#### Required work:
Should a picture appear anywhere in the data, omit it and copy everything else exactly.

#### Dataset excerpt:
---

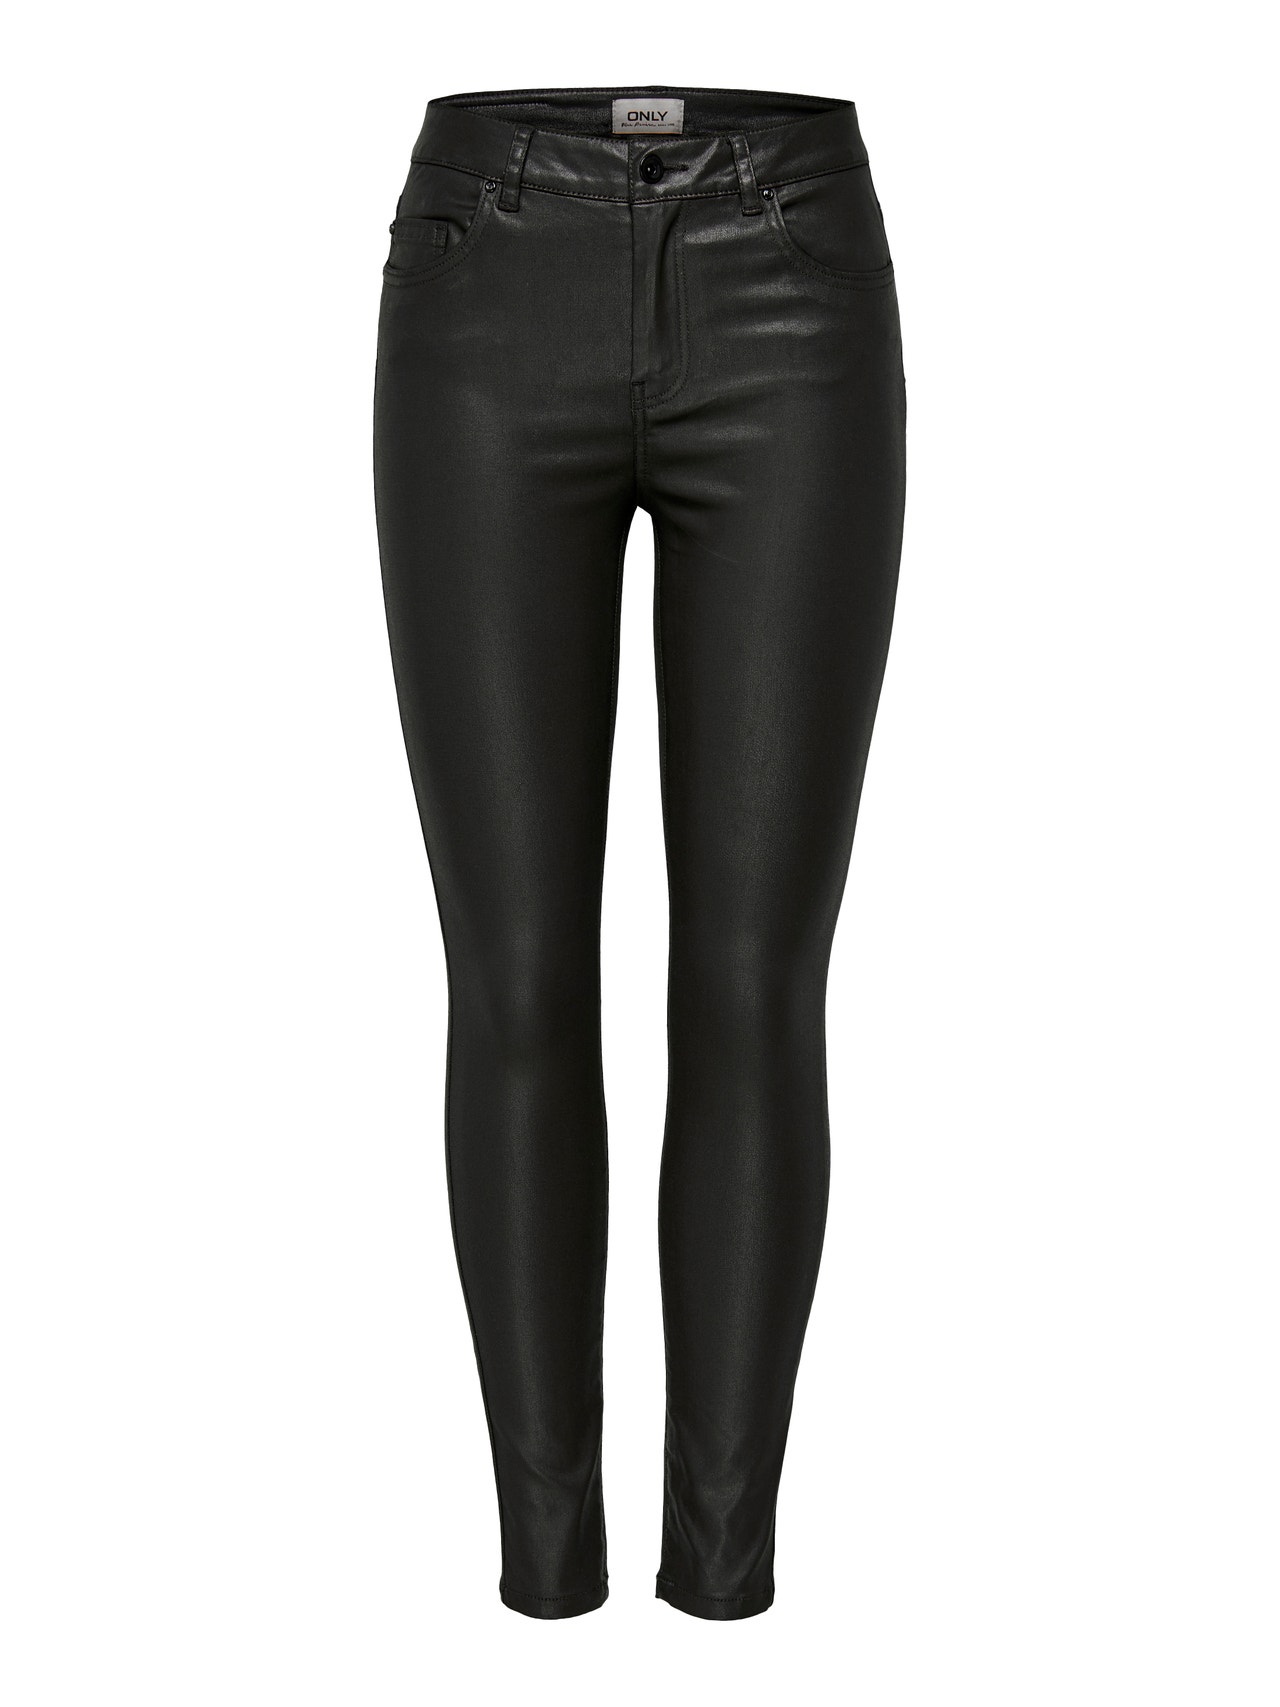 ONLY Pantalons Skinny Fit Taille moyenne -Black - 15182330
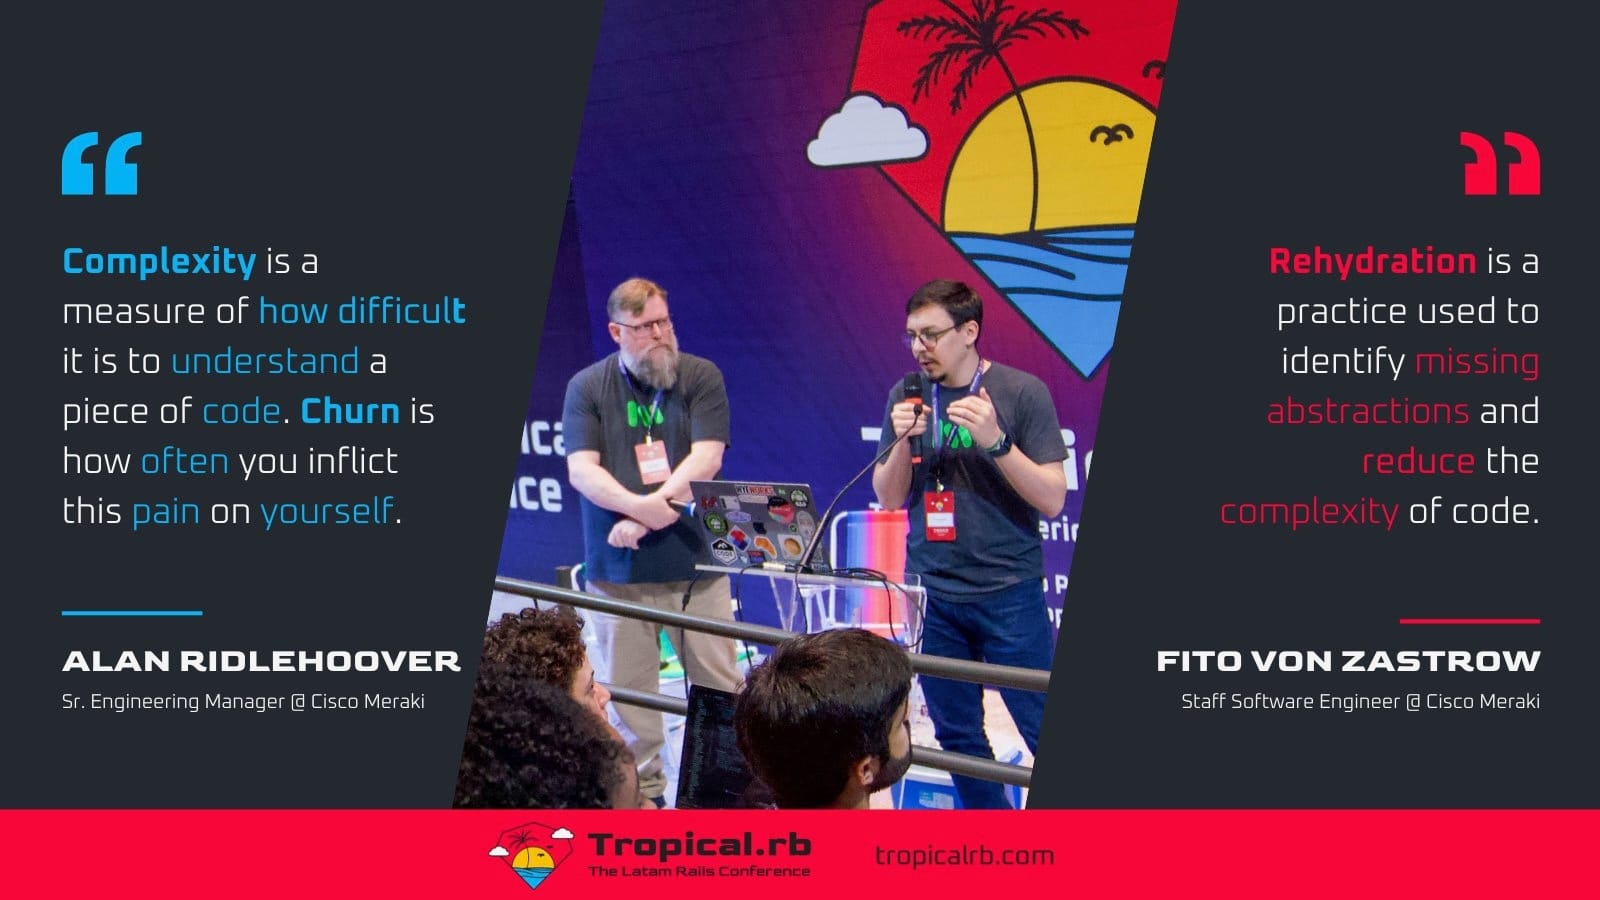 An image of Alan Ridlehoover and Fito von Zastrow speaking at Tropical.rb with quotes from each of them on either side of the image
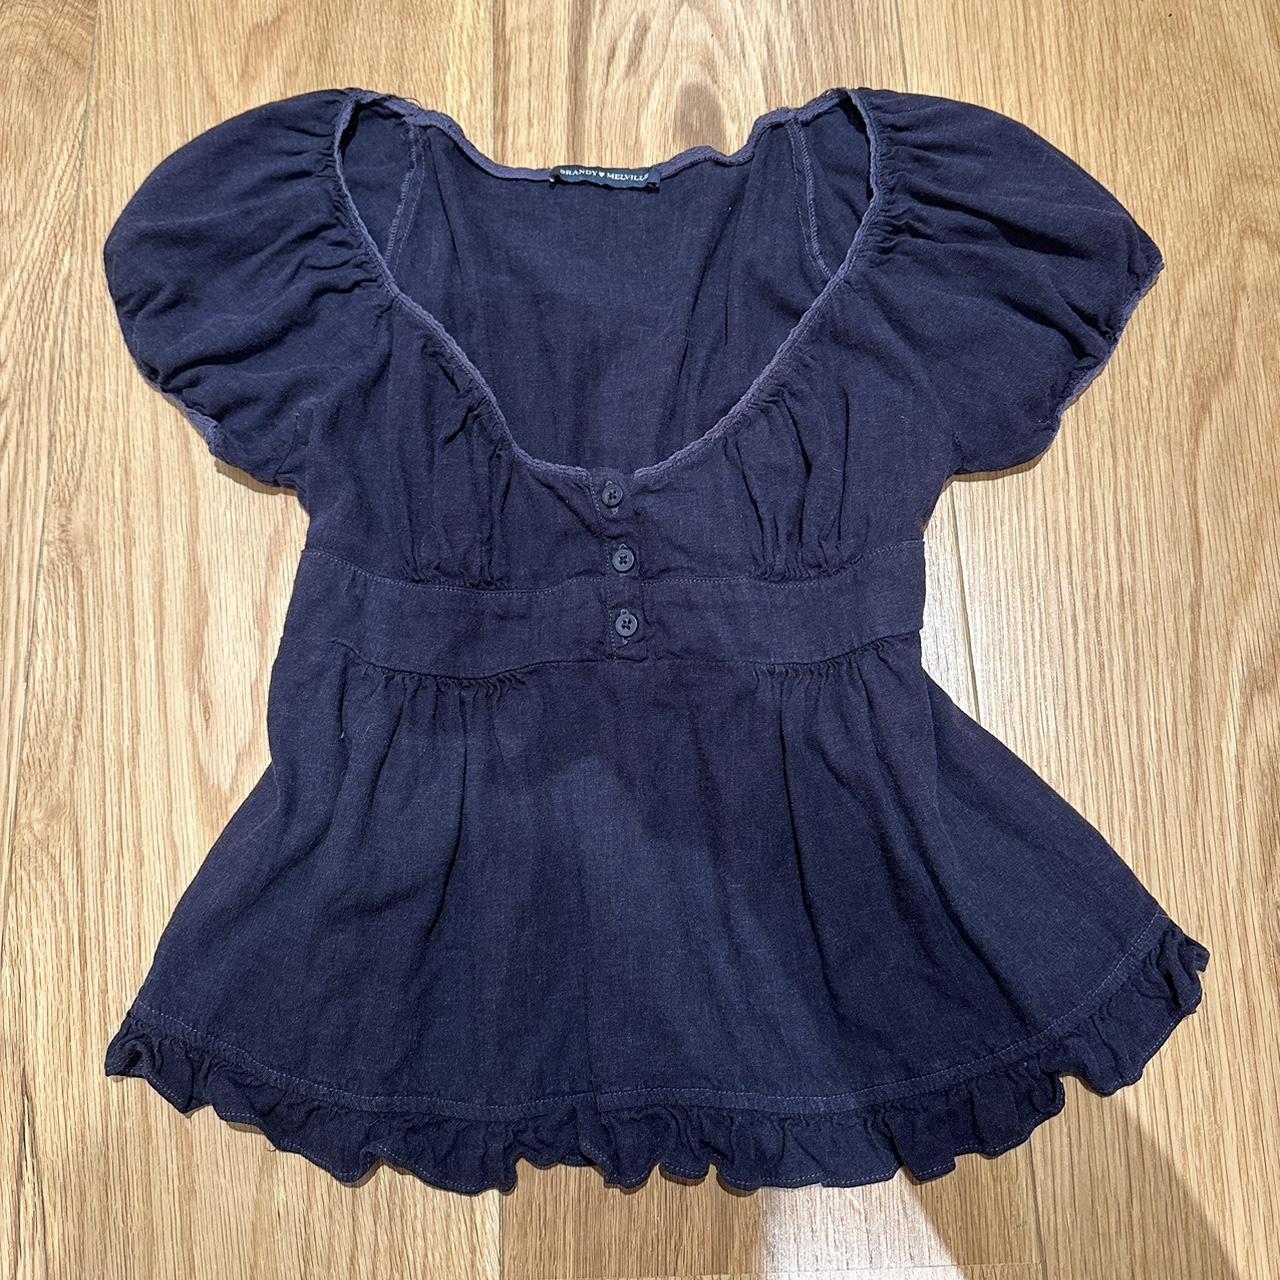 Brandy Melville Mabel Top Blue - $17 (32% Off Retail) - From Sophia
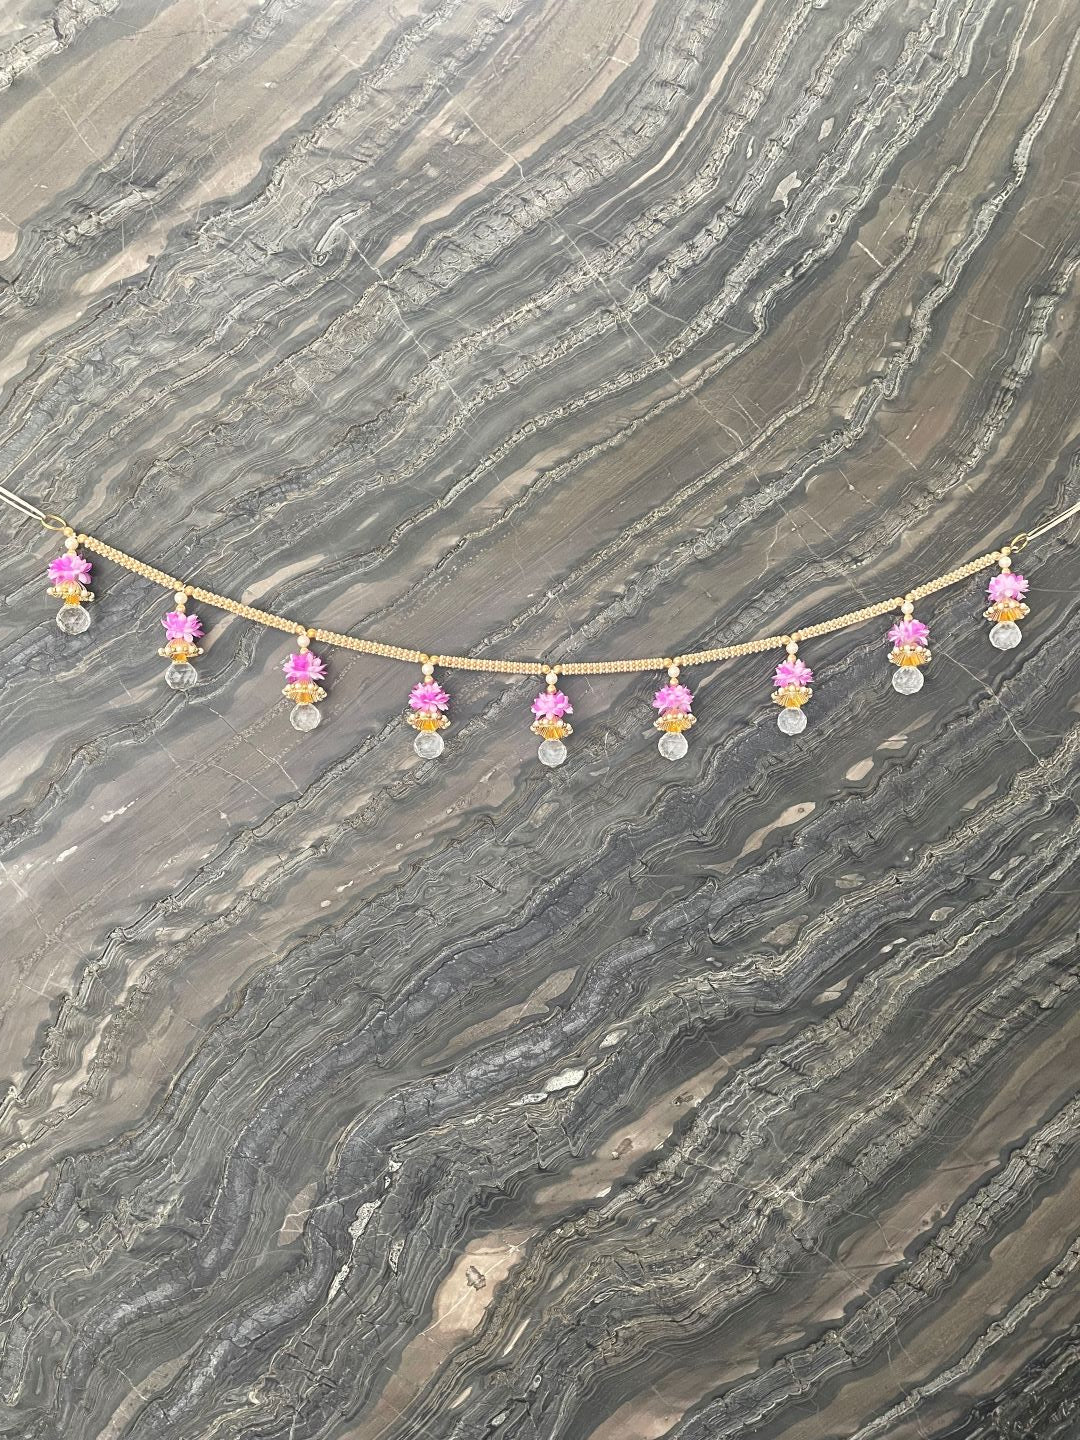 Gold & Pearl Beads With Purple flower Toran For Door Hangings Diwali Decoration with Hanging Crystal Balls

---

#### Result for this task:
 ONLY Pantalons Skinny Fit Taille moyenne -Black - 15182330
 An image of Alan Ridlehoover and Fito von Zastrow speaking at Tropical.rb with quotes from each of them on either side of the image
 Brandy Melville Mabel Top Blue - $17 (32% Off Retail) - From Sophia
 Gold & Pearl Beads With Purple flower Toran For Door Hangings Diwali Decoration with Hanging Crystal Balls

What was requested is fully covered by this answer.